LDA Topic Modeling

Eric Fan 
9/26/2021

# Prepare libraries

In [None]:
! pip install pandas --upgrade
! pip install NumPy --upgrade
! pip install pyLDAvis --upgrade
! pip install gensim --upgrade
! pip install spacy --upgrade
! python -m spacy download en_core_web_sm

In [151]:
import csv
import pprint
from gensim import corpora
from gensim import utils
from gensim.parsing.preprocessing import remove_stopwords, preprocess_string
from gensim import models
from gensim.models.coherencemodel import CoherenceModel
# from gensim.parsing.porter import PorterStemmer
import spacy
import pyLDAvis.gensim_models 
import pickle 
import pyLDAvis
import random
import sys

# Part 1: AP Stories

## Load documents

In [152]:
## import documents ##
documents = {}

with open('/content/ap.csv', mode='r') as inp:
    reader = csv.reader(inp)
    documents = {rows[0]:rows[1] for rows in reader}

ap_documents_list = list(documents.values())

## Pre-processing

In [201]:
# lemmatize using spacy
nlp = spacy.load('en_core_web_sm', disable=['parser', 'ner'])
ap_documents_list_lammatized = [ " ".join([token.lemma_ for token in nlp(doc)]) for doc in ap_documents_list]

# printing out first story as example
print(ap_documents_list_lammatized[0])

a 16 - year - old student at a private Baptist school who allegedly kill one teacher and wound another before fire into a fill classroom apparently ` ` just snap , '' the school 's pastor say . ` ` I do n't know how it could have happen , '' say George Sweet , pastor of Atlantic Shores Baptist Church . ` ` this be a good , christian school . we pride ourselves on discipline . our kid be good kid . '' the Atlantic Shores Christian School sophomore be arrest and charge with first - degree murder , attempt murder , malicious assault and related felony charge for the Friday morning shooting . Police would not release the boy 's name because he be a juvenile , but neighbor and relative identify he as Nicholas Elliott . Police say the student be tackle by a teacher and other student when his semiautomatic pistol jam as he fire on the classroom as the student cower on the floor cry ` ` Jesus save we ! God save we ! '' friend and family say the boy apparently be trouble by his grandmother 's d

In [203]:
# tokenize and remove stop words
ap_words = [utils.simple_preprocess(item) for item in ap_documents_list_lammatized]
ap_wordsToRemove = ['pron', '']
ap_words = [[remove_stopwords(word) for word in lst if remove_stopwords(word) not in ap_wordsToRemove] for lst in ap_words]

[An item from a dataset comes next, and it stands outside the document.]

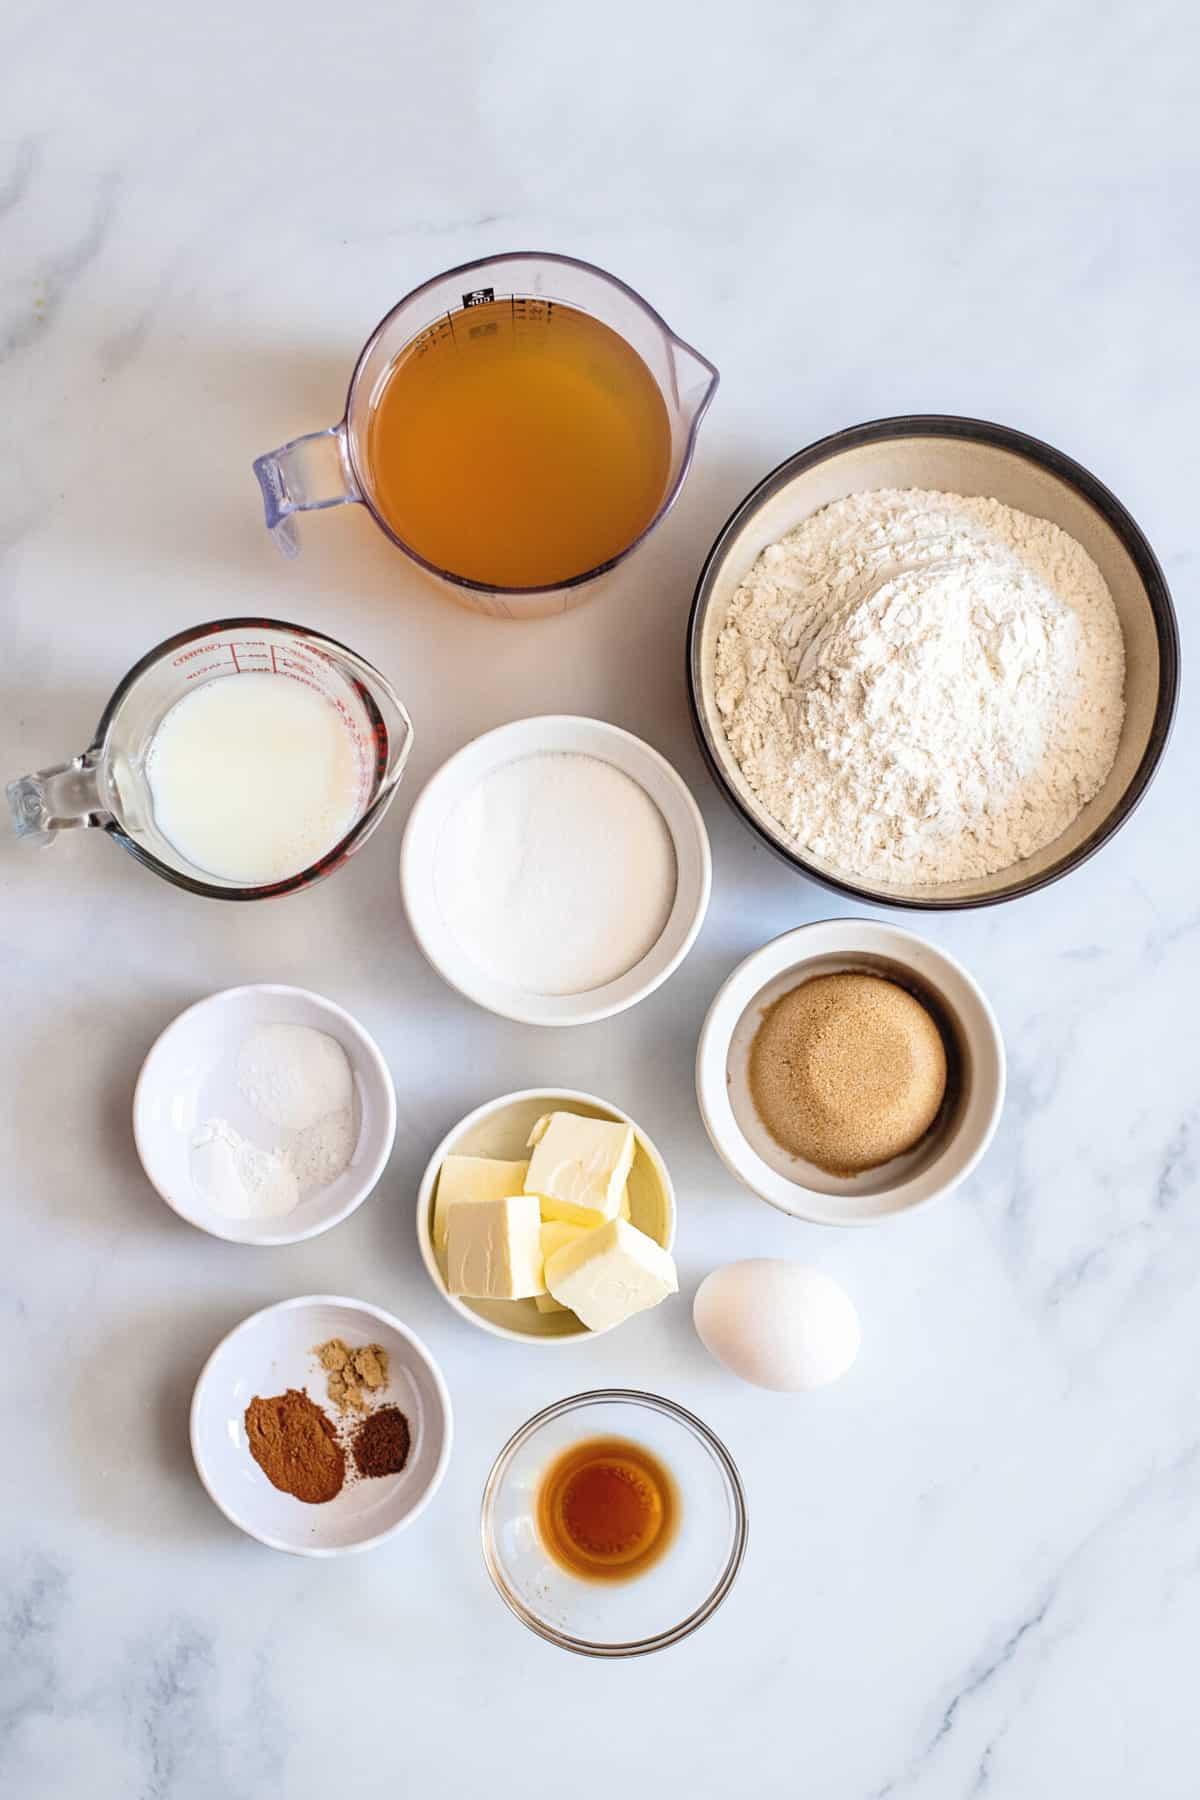 Ingredients for baked apple cider donut recipe.

# printing out the first 20 words of the first story as example
pprint.pprint(ap_words[0][0:20])

# generate gensim dictionary 
ap_dictionary = corpora.Dictionary(ap_words)

# generate gensim bag-of-words vectors
ap_bow_corpus = [ap_dictionary.doc2bow(text) for text in ap_words]

['year',
 'old',
 'student',
 'private',
 'baptist',
 'school',
 'allegedly',
 'kill',
 'teacher',
 'wound',
 'classroom',
 'apparently',
 'snap',
 'school',
 'pastor',
 'know',
 'happen',
 'george',
 'sweet',
 'pastor']


## Generate LDA model

To determine the number of topics the LDA model should generate, I use a combination of coherence score and manual experimentation. Here I use the c_v coherence score, which consists of "a sliding window, a one-set segmentation of the top words and an indirect confirmation measure" that uses normalized pointwise mutual information (NPMI) and cosine similarity. 

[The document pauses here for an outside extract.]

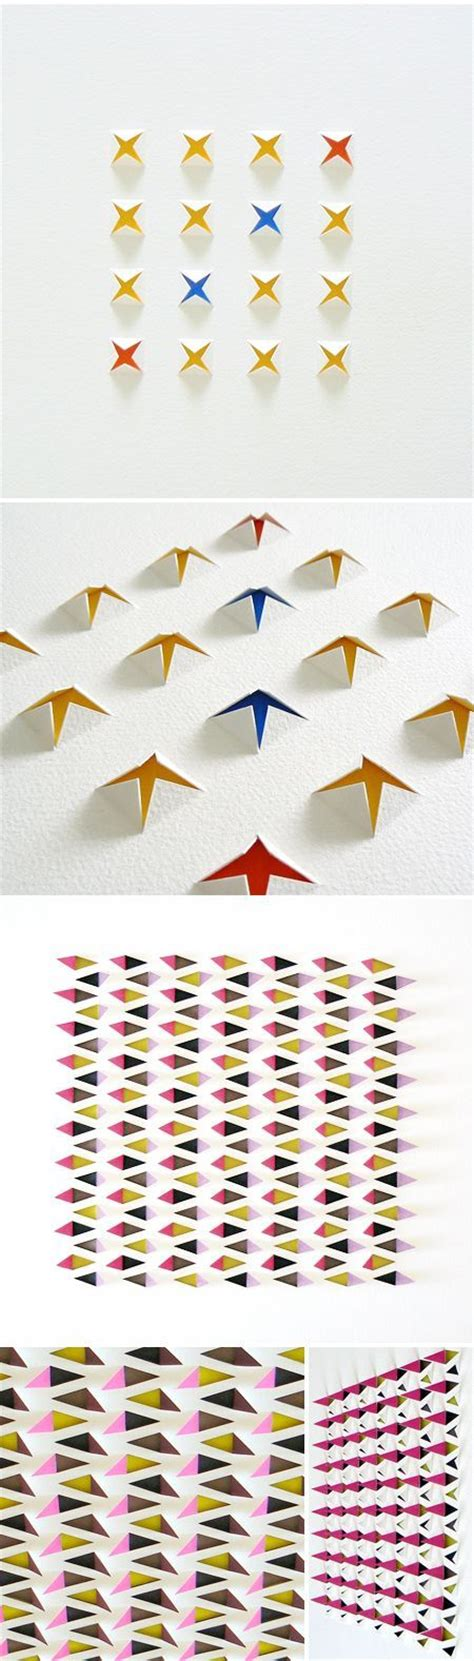 pattern making paper australia best 20 cut paper ideas on pinterest cut paper art

The c_v score retrieves cooccurrence counts for the given words using a sliding window. The counts are used to calculate the NPMI of every top word to every other top word, resulting in a set of vectors. The one-set segmentation of the top words leads to the calculation of the similarity between every top word vector and the sum of all top word vectors. The coherence score is the arithmetic mean of these similarities. 

(There exist many different formulas/measures for coherence. I choose the c_v measusure because research found it to track closely with the human understanding of coherrence. It is also one of the most popular measures. I'm primarily relying on this research paper: https://svn.aksw.org/papers/2015/WSDM_Topic_Evaluation/public.pdf)"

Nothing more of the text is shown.